Optional on-ramp: if you want to go hands-on beyond the toy, browse Mechanistic Interpretability — Getting Started (Neel Nanda) for the next concrete steps.

The expert move

A beginner treats a probe's accuracy as the result. An expert reads it as a claim about geometry: high separability means the concept is a linear direction you can both read and steer; low separability is itself a finding — the concept is entangled, which is the precise signature of superposition. The altitude jump is realizing that read and steer are the same operation, and that a probe's failure tells you why you need SAEs.

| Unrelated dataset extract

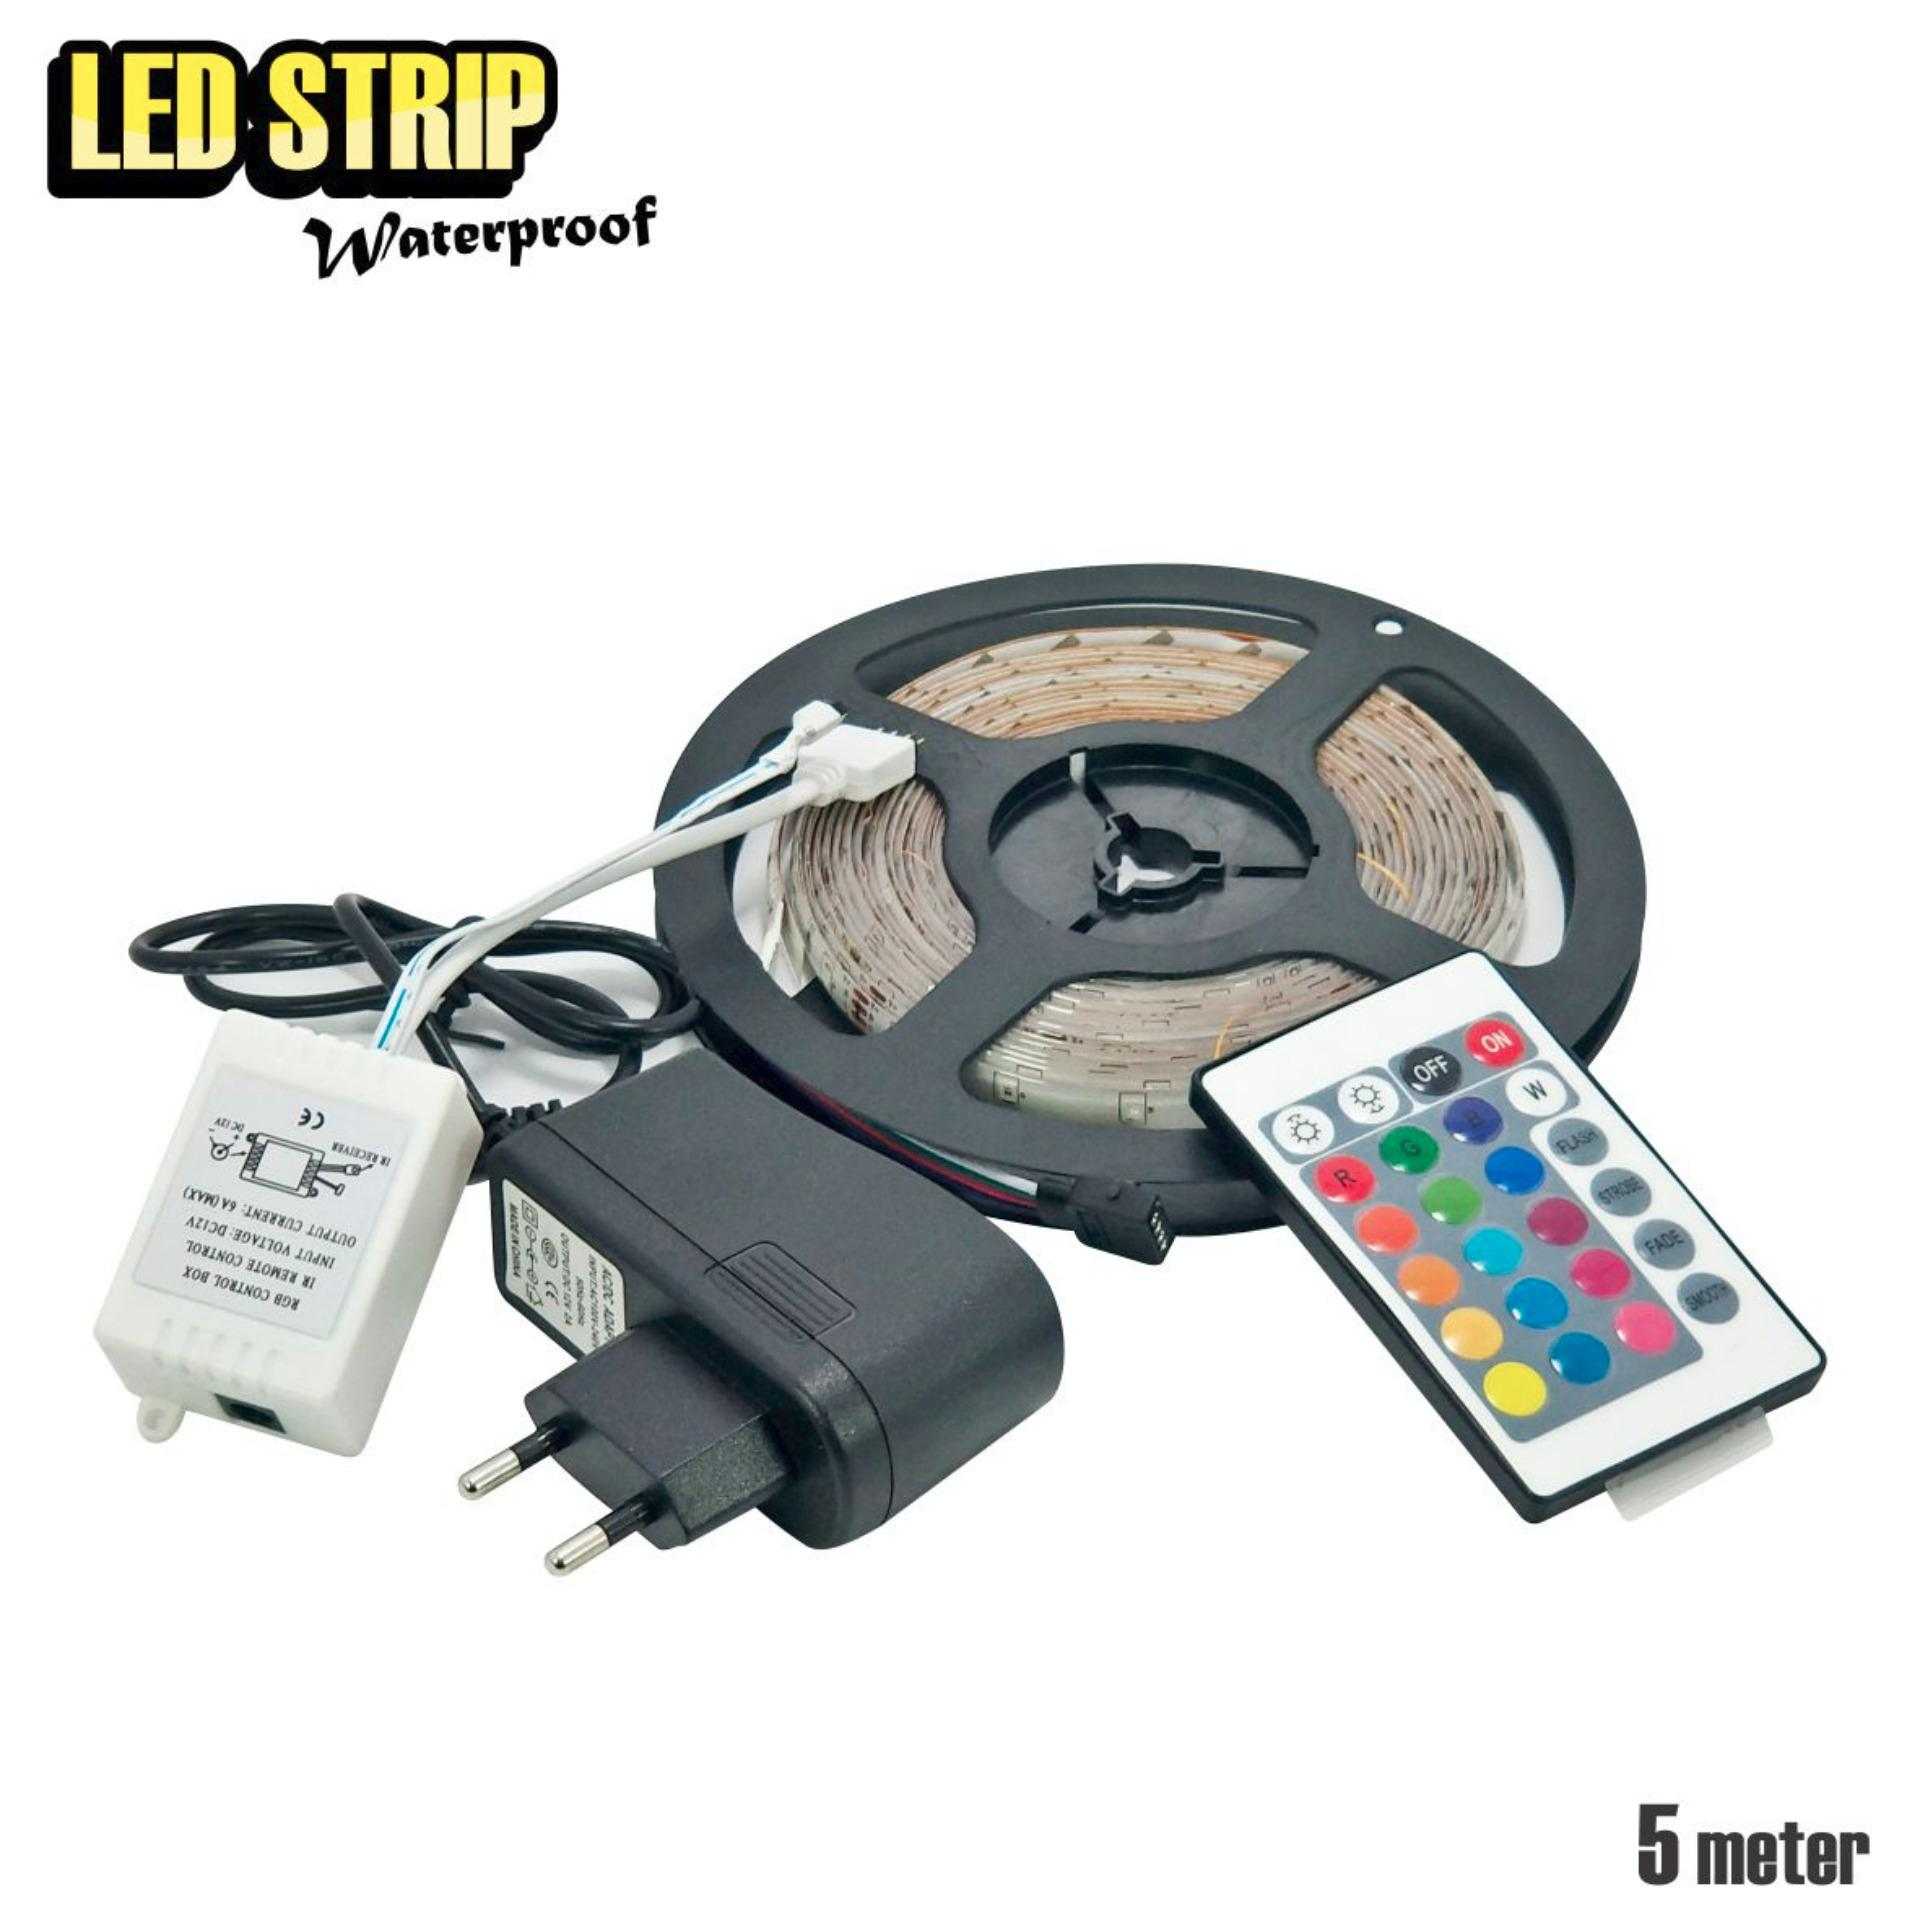 WEITECH Lampu Led strip WARNA WARNI 5M+ADAPTOR+REMOTE 3528

Say this in an interview: "A linear probe is the minimal version of feature analysis: if a concept is a direction in activation space, I can read it by projection and steer it by adding the direction back. When separability is poor, that's not a dead end — it's evidence the feature is in superposition, which is exactly what sparse autoencoders are built to disentangle."

Today's Takeaways

A linear probe finds a concept direction as a difference of class means and reads the concept by projection.
Separability is the score: high = the concept is a readable direction; low = it's tangled in superposition.
Reading and steering are one idea — the direction you read along is the direction you'd add to amplify or suppress the concept.
A probe that fails to separate is a finding, not a failure — it's the motivation for sparse autoencoders (Day 39).